Three reviewers (NL, RM, LR) participated in this study designed to evaluate the inter-rater reliability of each item on QAREL. The University of Sydney Human Research Ethics committee granted approval for the study. All reviewers were qualified health professionals and had experience in physical examination procedures. Each had experience in the critical appraisal of research papers, and had participated in formally reviewing papers for systematic reviews. Two reviewers (NL, RM) were involved in the development of QAREL. A search of MEDLINE, CINAHL, AMED and SCOPUS was conducted to locate papers on the reliability of physical examination published from January 2007 through December 2007. The search string used to locate potential papers was “Reproducibility of results (MeSH) OR reliability (t.w.) AND Physical examination (MeSH) OR physical examination (t.w.). No limits were placed on the source title for the published paper, nor on the type of physical examination procedure reported. A total of 415 records were retrieved and screened for potential inclusion in the study. Only articles that reported on the reliability of physical examination procedures were included. A total of 29 articles, comprising 30 studies, were retrieved and included in this study [13-40]. The reviewers received basic written instructions regarding the use of QAREL [1]. Each item on the checklist can be rated as ‘Yes’, ‘No’, or ‘Unclear’, and certain items can be rated as ‘Not Applicable’. Reviewers independently performed a trial assessment of each paper, followed by a meeting with members of the reference group involved in the development of QAREL to establish baseline criteria for the interpretation of each item. At no time did the reviewers discuss individual studies, which ensured that each reviewer remained blinded to the opinions and findings of other reviewers for each study. Reviewers discussed the general interpretation of individual items on QAREL and outlined general areas of ambiguity for certain items. Following the meeting between reviewers and the reference group, each reviewer independently rated each paper. Reviewers were not permitted to communicate about the checklist or about the individual papers being reviewed.

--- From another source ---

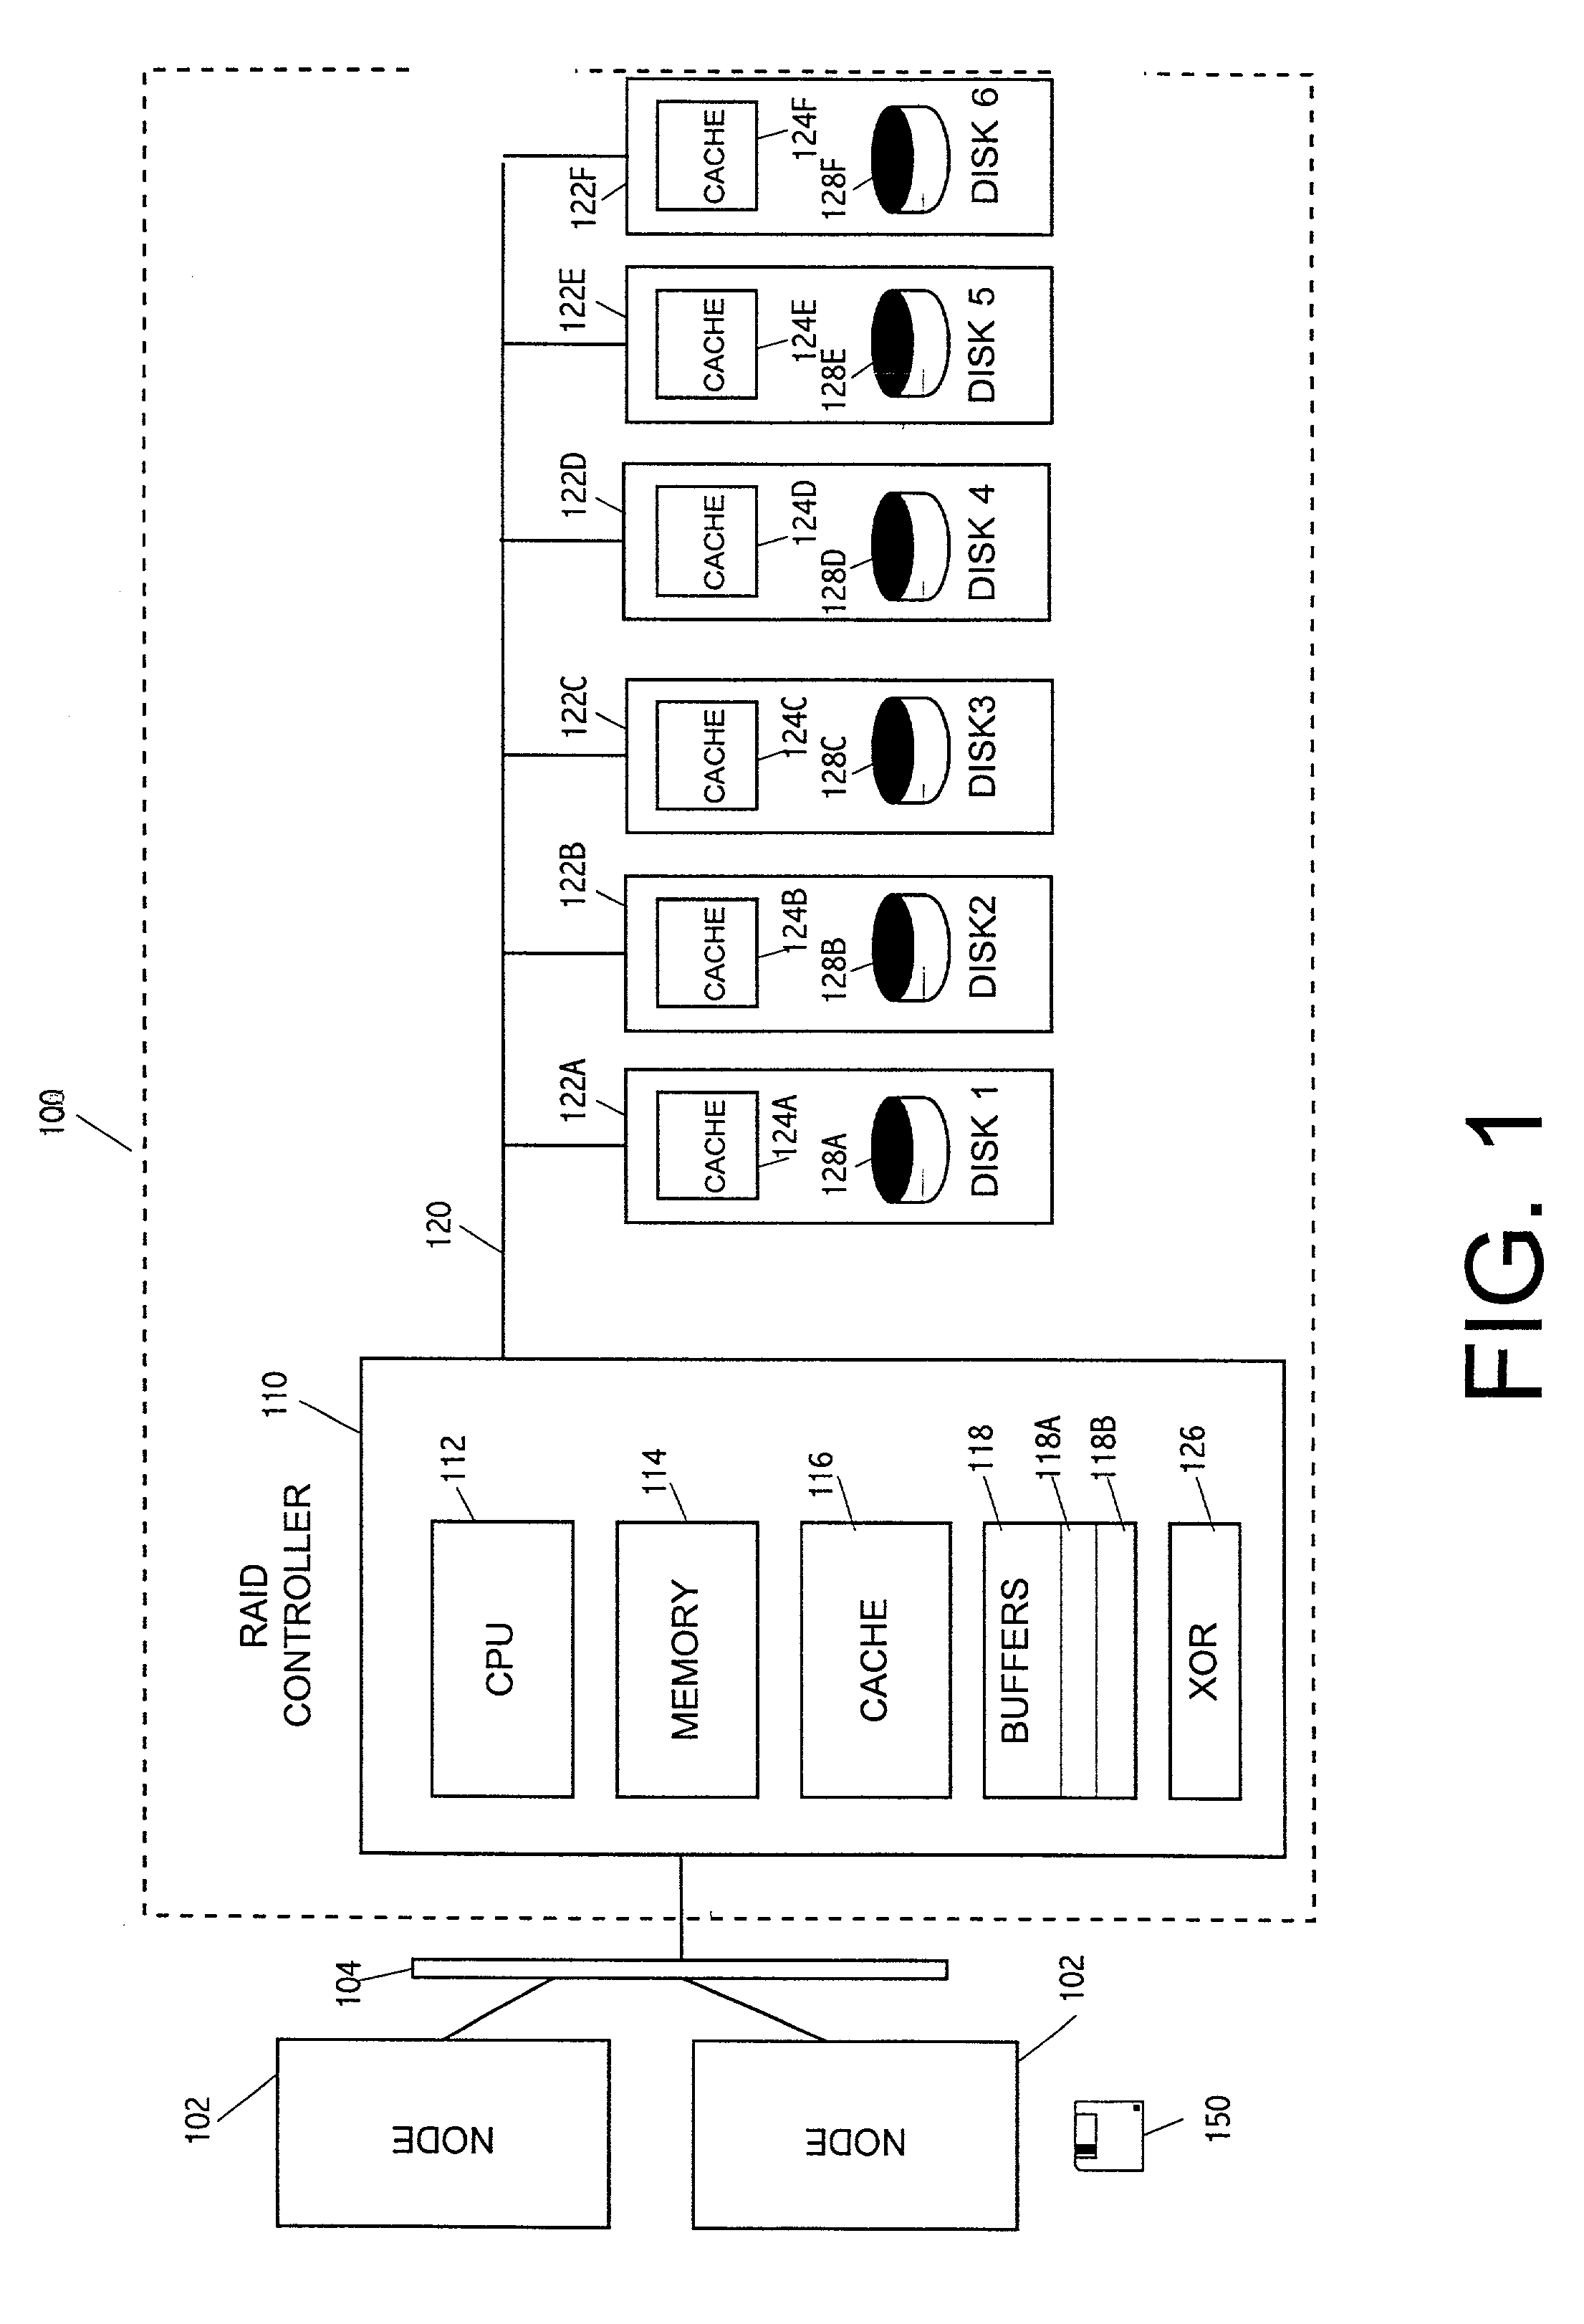 Method and apparatus for supporting parity protected raid in a clustered environment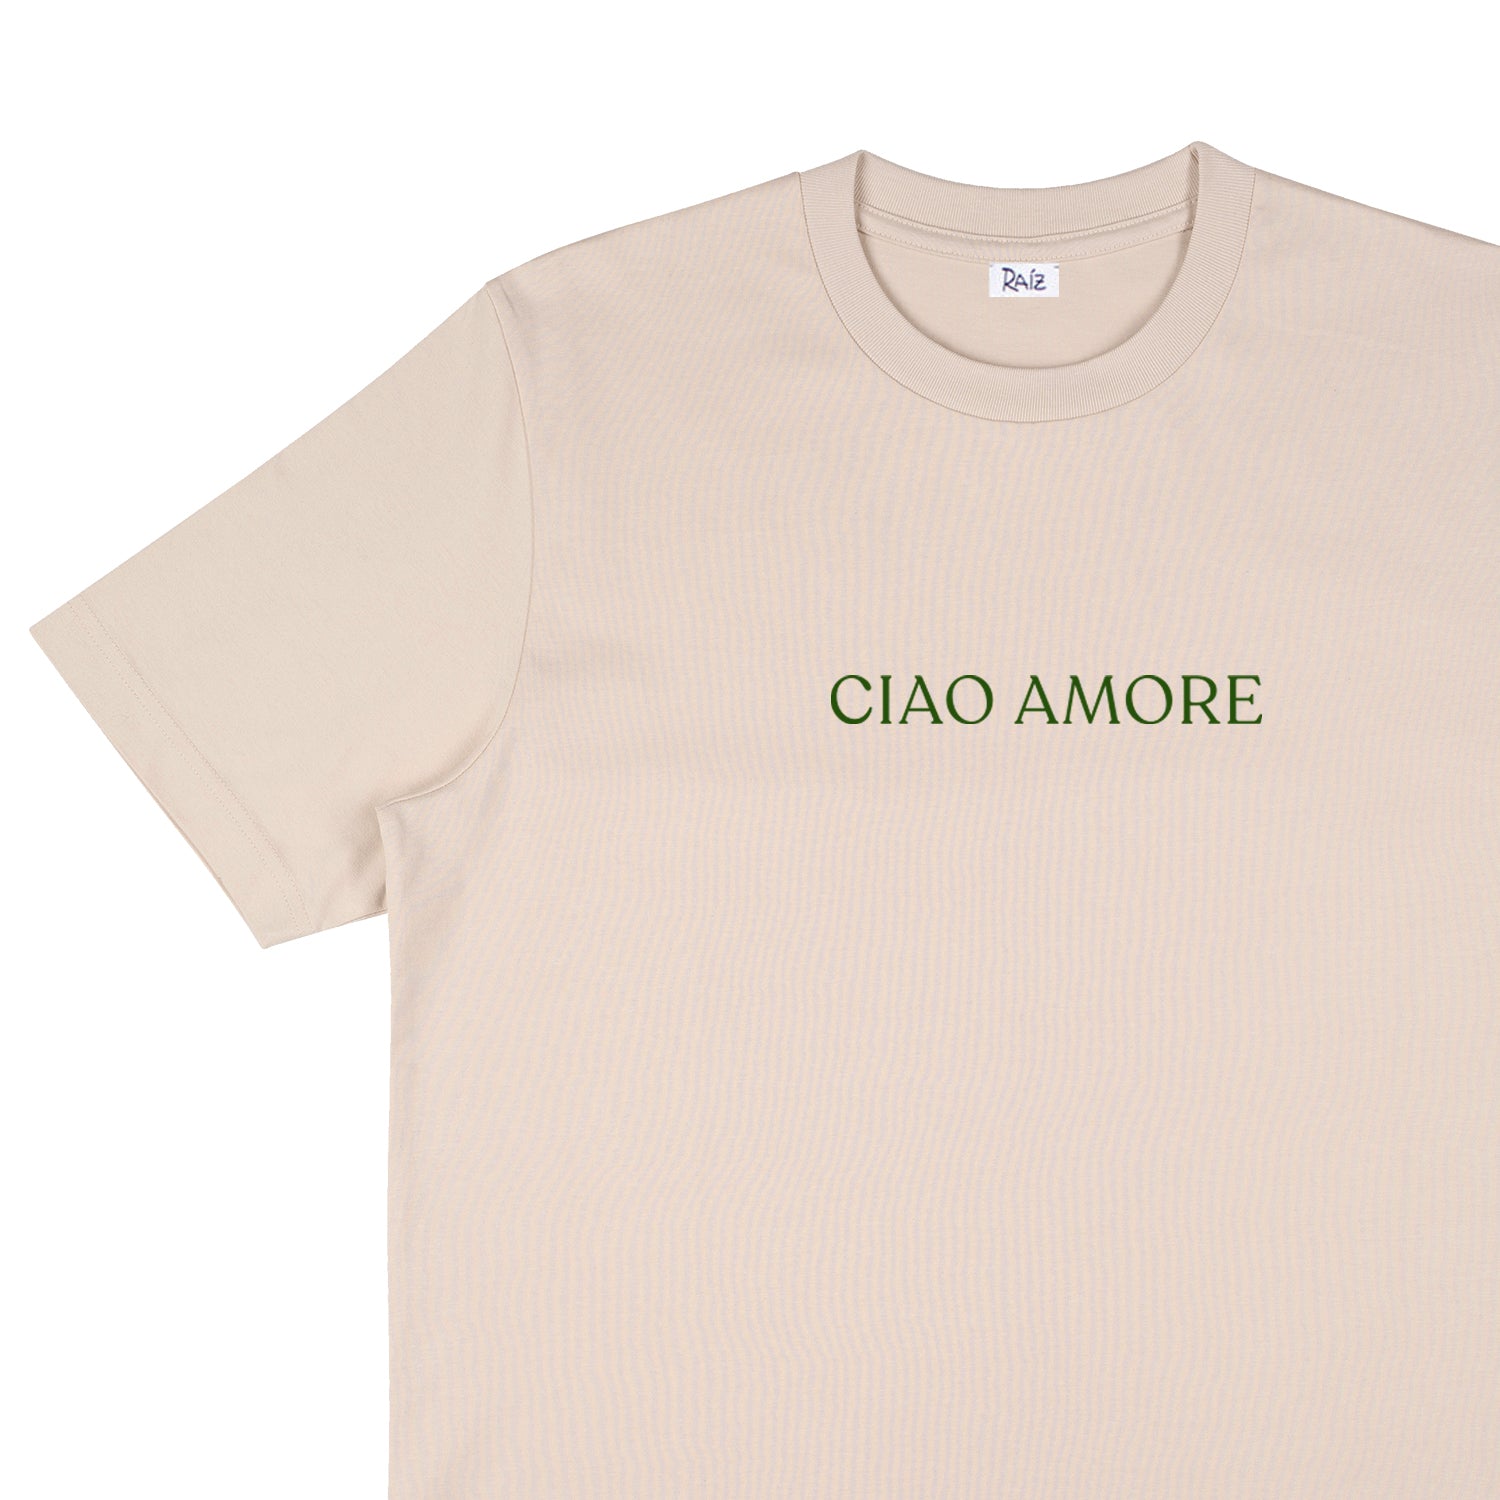 CIAO AMORE T-SHIRT

Completed data collection forms were returned for reliability (κ) analysis.

Analysis

Data were analysed for reliability using kappa (κ) for multiple raters [41]. Each response option was recorded as a category, including ‘unclear’ and ‘not applicable’. All computations were performed using STATA 8.2 (StataCorp TX, USA) Kappa is a chance corrected measure of inter-rater reliability, and ranges from −1 to +1, with +1 being perfect agreement, –1 being perfect disagreement, and zero being agreement no better than chance. In this study, kappa was interpreted as unreliable (κ < 0.00), poor (κ = 0.01 – 0.20), fair (κ = 0.21 – 0.40), moderate (κ = 0.41 – 0.60), good (κ = 0.61 – 0.80) and very good (κ = 0.81 – 1.00). A 95% confidence interval for kappa was computed using the test-based standard error. For this study, reliability was considered acceptable if it was moderate or higher.

Results

The estimates of multi-rater reliability for each item are presented in Table 1. The multi-rater scores for individual items ranged from κ 0.27 to κ 0.92, with one item reaching very good reliability (Item 3), eight achieving good or moderate reliability (Items 2, 4 – 9, 11), and two reaching fair reliability (Items 1, 10).

Table 1

Multi-rater reliability for reviewers rating of 30 studies of diagnostic reliability using QAREL

Item	Item description (abbreviated)	Subsequent evaluation
		κ	95% CI
1	Was the sample of subjects representative?	0.27	(0.11, 0.42)
2	Was the sample of raters representative?	0.59	(0.43, 0.74)
3	Were raters blinded to the findings of other raters?	0.92	(0.76, 1.00)
4	Were raters blinded to their own prior findings?	0.78	(0.62, 0.94)
5	Were raters blinded to the accepted reference standard?	0.66	(0.49, 0.82)
6	Were raters blinded to clinical information not part of test	0.51	(0.37, 0.64)
7	Were raters blinded to additional non-clinical cues?	0.59	(0.39, 0.78)
8	Was the order of examination varied?	0.71	(0.58, 0.84)
9	Was the time interval between repeated measures appropriate?	0.69	(0.50, 0.88)
10	Was the test applied correctly and interpreted appropriately?	0.35	(0.18, 0.51)
11	Were appropriate statistical measures of agreement used?	0.73	(0.54, 0.92)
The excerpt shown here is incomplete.